“It’s time for a Bike to School scheme for children”.
That’s according to TD Ivana Bacik who’s reiterating the appeal she first made in 2015 while reacting to the publication of the annexe to the Climate Action Plan.
The Labour spokesperson on the environment is backed by former local councillor and Principal of Gaelscoil OsraÍ, Seán Ó hArgáin, who’s told KCLR News; “Our school is a green school and we very much have benefitted from the Bike to Work scheme as employees but also we have put a huge push on encouraging cycling, walking and scooting to school here and on a good weather day we would have anything between 80 and 100 children biking and scooting to school in our school and it makes a huge difference to children’s attitudes to the environment but also on their physical and mental wellbeing”.
Over 1,300 every day attend the Presentation Secondary School and Gaelscoil Osraí which sit side by side on the Outrath Road in Kilkenny. And Príomhoide Ó hArgáin says getting as many of them as possible out of cars is essential; “We need to increase substantially the number of those children who are coming to school in a sustainable way whether that’s by bus transport or whether it’s walking, cycling or scooting to school, also we have done a little bit in terms of encouraging cycle buses to school, it’s something that we’d love to do in conjunction with the other primary schools in the city would be to have as many children as possible cycling in the mornings and in the afternoons to the schools”.
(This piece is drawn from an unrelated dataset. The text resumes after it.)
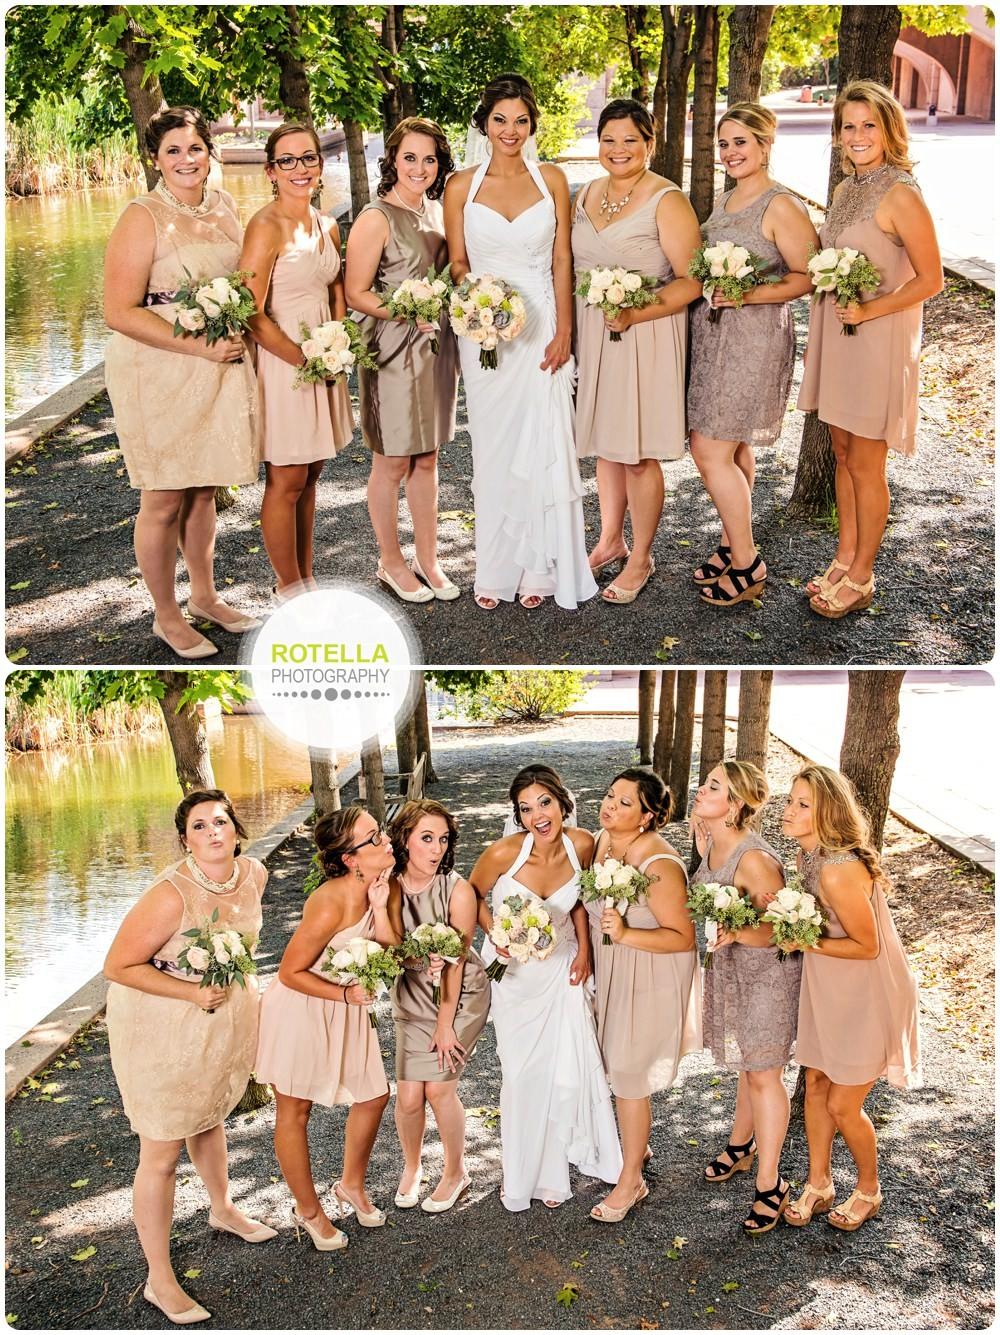 MELANIE-DEREK-MINNESOTA-WEDDING-PHOTOGRAPHY-ROTELLA-PHOTOGRAPHY_2015-06

And he adds something he’s noticed while on the cycle to work that Kilkenny City’s clogged with car traffic, much of it ferrying children to schools; “It’s frankly atrocious to see the number of cars which have a parent and a student sitting in the car and nobody else and they’re being used almost entirely for children to get to school; that has huge implications in terms of air pollution and, in particular, in terms of the arguments about obesity and ill-health for children, if we’re serious about tackling climate change and if we’re serious about tackling the issues about children’s health we’ve go to do everything we can to encourage children to come to school in a sustainable way”.